Highly levered real estate investment trusts are facing pressure to sell because of tightness in the Commercial Mortgage Backed Securities market, according to a banker and industry analysts.
The tightness in the CMBS market may lead to difficulty for highly levered REITS to finance growth, sparking a potential sell-off, the banker and the analysts agreed.
Commercial REITS - which include retail, industrial and office - are particularly vulnerable, the analysts said. These REITS cannot access Fannie Mae and Freddie Mac like residential REITS, they said. However, highly levered residential REITS may also be at risk to sell themselves, the first analyst added.
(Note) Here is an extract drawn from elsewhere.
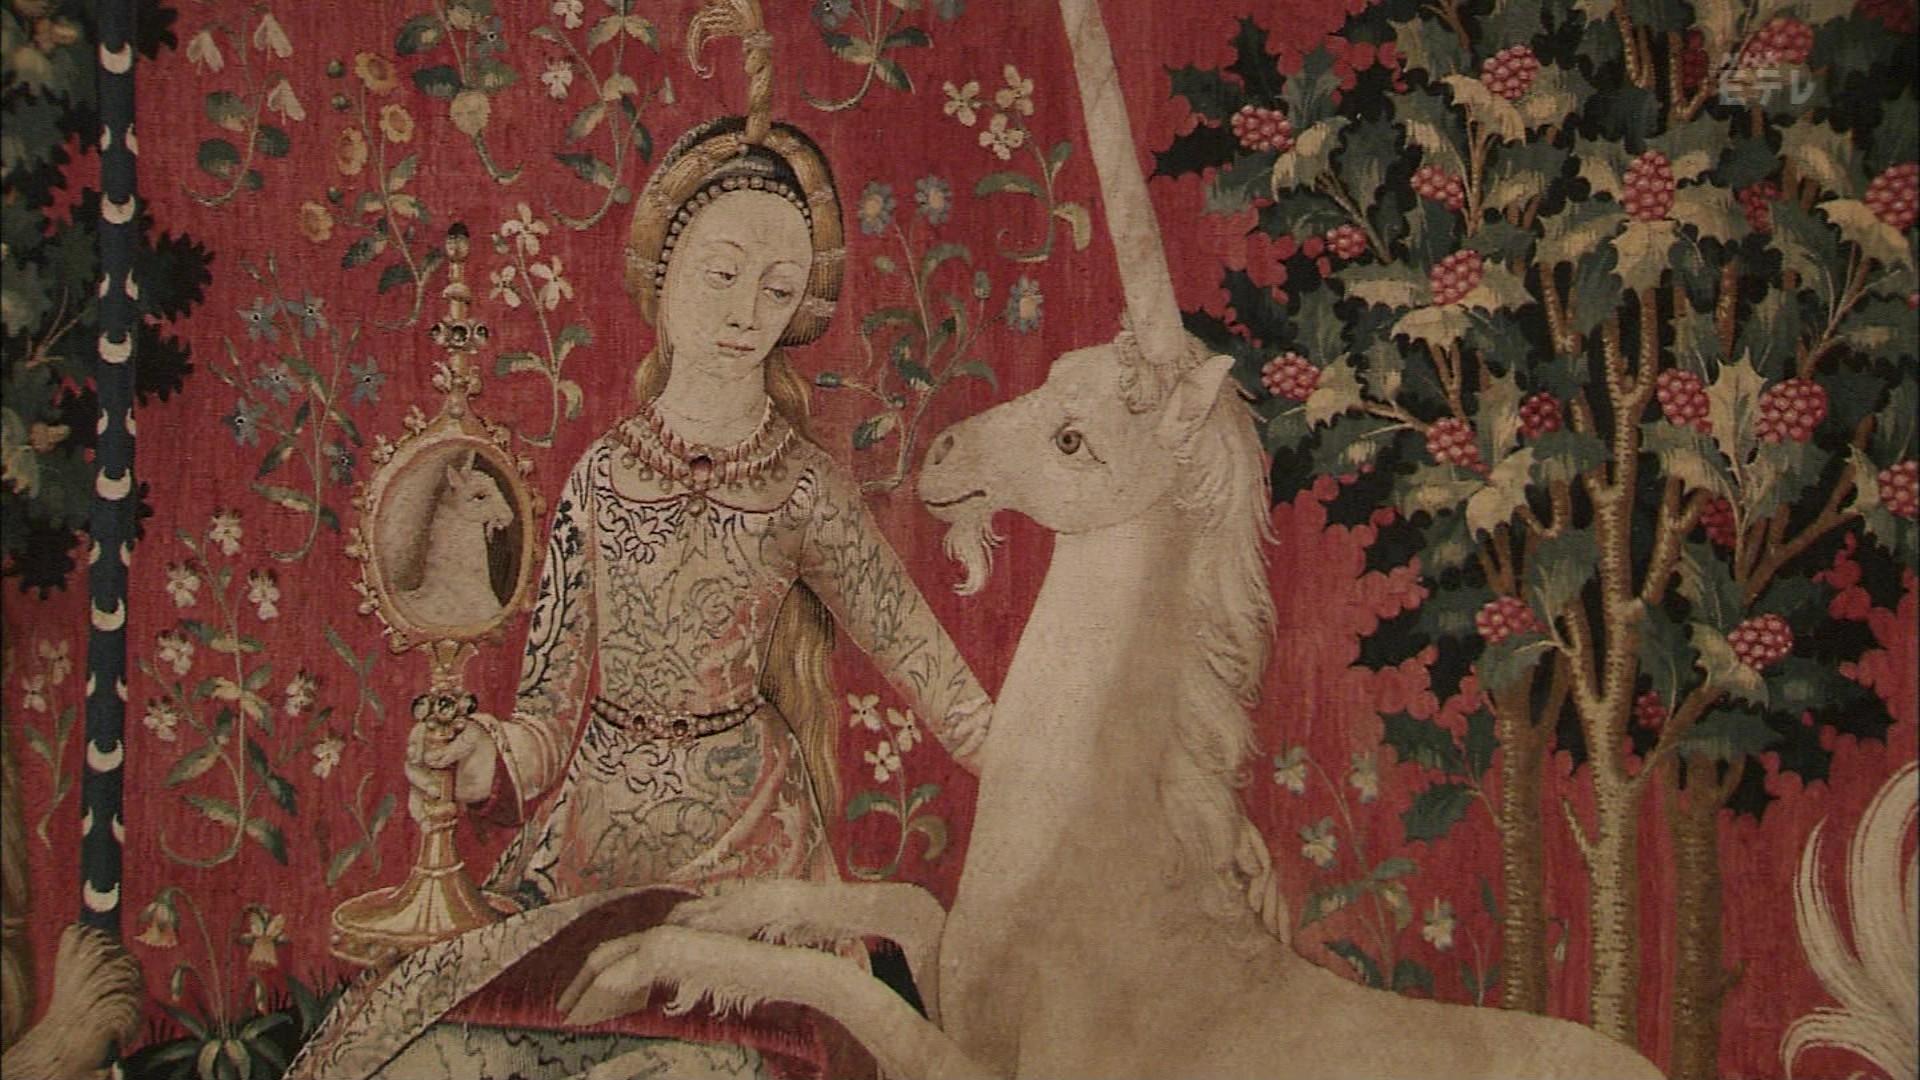 日曜美術館 原田マハが挑む 貴婦人と一角獣 こんなテレビを見た

Likely targets are California-based, NYSE-listed Maguire Properties, an office property REIT; and Illinois-based, NYSE-listed General Growth Properties, a shopping center REIT, the analyst said. These companies will have difficultly obtaining financing because they are levered at 60% or higher, the analyst said. According to the analyst, even a residential REIT such as Ohio-based, NYSE-listed Associated Estates, an apartment REIT, could face pressure to sell itself because of the high amount of its leverage.
REITS of all types that are highly levered could have difficulty sustaining themselves and may need to strongly consider selling, the analyst said. Companies levered at 70-80% may be among sellers, depending on how much of the company’s debt is short term, the analyst added. Less levered REITS will not have a problem obtaining financing, according to the analyst. Virginia-based, NYSE-listed Avalon Bay, an apartment REIT, is an example of a less levered REIT at 20%, the analyst pointed out.
Associated is probably viewed as a target by its competitors, according to Michael Lawson, vice president of investor relations at the company. However, he declined to say if Associated views itself as a target. “Associated is a small fish compared to its competitors,” Lawson noted. Competitors include Post Properties, Mid-American, Colonial and Home Properties, he pointed out.
Maguire is feeling effects of the CMBS market and is “reviewing strategic alternatives,” according to Peggy Moretti, senior vice president of investor relations at the company. It has engaged Morgan Stanley for financial counsel and Skadden, Arps, Slate, Meagher & Flom LLP as its legal counsel, she added.
The banker said that recently his real estate team has been fielding calls from various mid-tier REITS wondering if they were “viable in the post-credit crunch world.” REIT executives are asking where they will find equity and debt capital to stay in business, according to the banker.
The CMBS market is expected to continue to face backups, and it is largely shut down at this point, the second analyst said, declining to specify a timeframe.
If the tightened CMBS environment persists, the current set of “quiet discussions” among REITS will turn into full-fledged sellside assignments, the banker said. Several REITS are already looking around for potential marriage or joint venture partners to answer that question, the banker added.
Many companies associated with the subprime mortgage business are in Orange County, including Countrywide Financial, the banker said. Maguire is difficult to value because several tenants are involved in the subprime turmoil and may vacate, the banker added.
The increase in foreclosures and declining value of residential real estate encourage more renters, potentially benefiting Associated, Lawson said.
General Growth Properties could not be reached for comment.